DATA

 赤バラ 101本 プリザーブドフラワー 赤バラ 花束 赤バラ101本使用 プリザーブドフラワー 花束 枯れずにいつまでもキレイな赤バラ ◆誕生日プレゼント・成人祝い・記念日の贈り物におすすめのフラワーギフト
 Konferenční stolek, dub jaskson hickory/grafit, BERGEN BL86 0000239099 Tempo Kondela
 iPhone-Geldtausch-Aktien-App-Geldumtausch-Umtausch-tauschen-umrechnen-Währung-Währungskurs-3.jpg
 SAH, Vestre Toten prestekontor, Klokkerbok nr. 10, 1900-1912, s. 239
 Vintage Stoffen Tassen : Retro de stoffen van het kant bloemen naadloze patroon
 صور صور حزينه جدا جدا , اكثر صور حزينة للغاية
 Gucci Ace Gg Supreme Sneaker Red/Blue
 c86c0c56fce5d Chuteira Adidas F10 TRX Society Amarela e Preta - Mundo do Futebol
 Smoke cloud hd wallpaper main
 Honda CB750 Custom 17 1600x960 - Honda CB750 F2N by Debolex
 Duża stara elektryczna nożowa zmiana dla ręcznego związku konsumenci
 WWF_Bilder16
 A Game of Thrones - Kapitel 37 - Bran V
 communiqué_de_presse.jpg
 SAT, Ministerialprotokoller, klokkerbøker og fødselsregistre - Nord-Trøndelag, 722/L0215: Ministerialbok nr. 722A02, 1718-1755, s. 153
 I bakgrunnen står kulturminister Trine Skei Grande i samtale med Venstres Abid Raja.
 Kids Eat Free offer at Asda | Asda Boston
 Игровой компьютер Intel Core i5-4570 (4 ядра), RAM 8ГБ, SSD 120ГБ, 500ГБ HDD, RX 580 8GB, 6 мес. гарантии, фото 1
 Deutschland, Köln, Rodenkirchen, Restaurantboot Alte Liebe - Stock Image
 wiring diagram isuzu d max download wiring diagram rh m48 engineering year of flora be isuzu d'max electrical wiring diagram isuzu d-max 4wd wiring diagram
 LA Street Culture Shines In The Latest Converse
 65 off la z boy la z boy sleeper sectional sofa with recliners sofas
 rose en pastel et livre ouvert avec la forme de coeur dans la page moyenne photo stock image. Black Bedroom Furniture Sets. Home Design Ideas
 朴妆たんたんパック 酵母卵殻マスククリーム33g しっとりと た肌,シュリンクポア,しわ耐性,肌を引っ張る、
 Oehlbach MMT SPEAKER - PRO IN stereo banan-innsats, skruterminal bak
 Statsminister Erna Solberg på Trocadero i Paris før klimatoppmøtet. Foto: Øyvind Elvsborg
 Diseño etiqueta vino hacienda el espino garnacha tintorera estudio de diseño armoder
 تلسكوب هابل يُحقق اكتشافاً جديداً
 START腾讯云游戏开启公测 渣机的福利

YOUR ASSIGNMENT
The material is to be written out once more, exactly and in full.

ANSWER TO THIS EXERCISE
 赤バラ 101本 プリザーブドフラワー 赤バラ 花束 赤バラ101本使用 プリザーブドフラワー 花束 枯れずにいつまでもキレイな赤バラ ◆誕生日プレゼント・成人祝い・記念日の贈り物におすすめのフラワーギフト
 Konferenční stolek, dub jaskson hickory/grafit, BERGEN BL86 0000239099 Tempo Kondela
 iPhone-Geldtausch-Aktien-App-Geldumtausch-Umtausch-tauschen-umrechnen-Währung-Währungskurs-3.jpg
 SAH, Vestre Toten prestekontor, Klokkerbok nr. 10, 1900-1912, s. 239
 Vintage Stoffen Tassen : Retro de stoffen van het kant bloemen naadloze patroon
 صور صور حزينه جدا جدا , اكثر صور حزينة للغاية
 Gucci Ace Gg Supreme Sneaker Red/Blue
 c86c0c56fce5d Chuteira Adidas F10 TRX Society Amarela e Preta - Mundo do Futebol
 Smoke cloud hd wallpaper main
 Honda CB750 Custom 17 1600x960 - Honda CB750 F2N by Debolex
 Duża stara elektryczna nożowa zmiana dla ręcznego związku konsumenci
 WWF_Bilder16
 A Game of Thrones - Kapitel 37 - Bran V
 communiqué_de_presse.jpg
 SAT, Ministerialprotokoller, klokkerbøker og fødselsregistre - Nord-Trøndelag, 722/L0215: Ministerialbok nr. 722A02, 1718-1755, s. 153
 I bakgrunnen står kulturminister Trine Skei Grande i samtale med Venstres Abid Raja.
 Kids Eat Free offer at Asda | Asda Boston
 Игровой компьютер Intel Core i5-4570 (4 ядра), RAM 8ГБ, SSD 120ГБ, 500ГБ HDD, RX 580 8GB, 6 мес. гарантии, фото 1
 Deutschland, Köln, Rodenkirchen, Restaurantboot Alte Liebe - Stock Image
 wiring diagram isuzu d max download wiring diagram rh m48 engineering year of flora be isuzu d'max electrical wiring diagram isuzu d-max 4wd wiring diagram
 LA Street Culture Shines In The Latest Converse
 65 off la z boy la z boy sleeper sectional sofa with recliners sofas
 rose en pastel et livre ouvert avec la forme de coeur dans la page moyenne photo stock image. Black Bedroom Furniture Sets. Home Design Ideas
 朴妆たんたんパック 酵母卵殻マスククリーム33g しっとりと た肌,シュリンクポア,しわ耐性,肌を引っ張る、
 Oehlbach MMT SPEAKER - PRO IN stereo banan-innsats, skruterminal bak
 Statsminister Erna Solberg på Trocadero i Paris før klimatoppmøtet. Foto: Øyvind Elvsborg
 Diseño etiqueta vino hacienda el espino garnacha tintorera estudio de diseño armoder
 تلسكوب هابل يُحقق اكتشافاً جديداً
 START腾讯云游戏开启公测 渣机的福利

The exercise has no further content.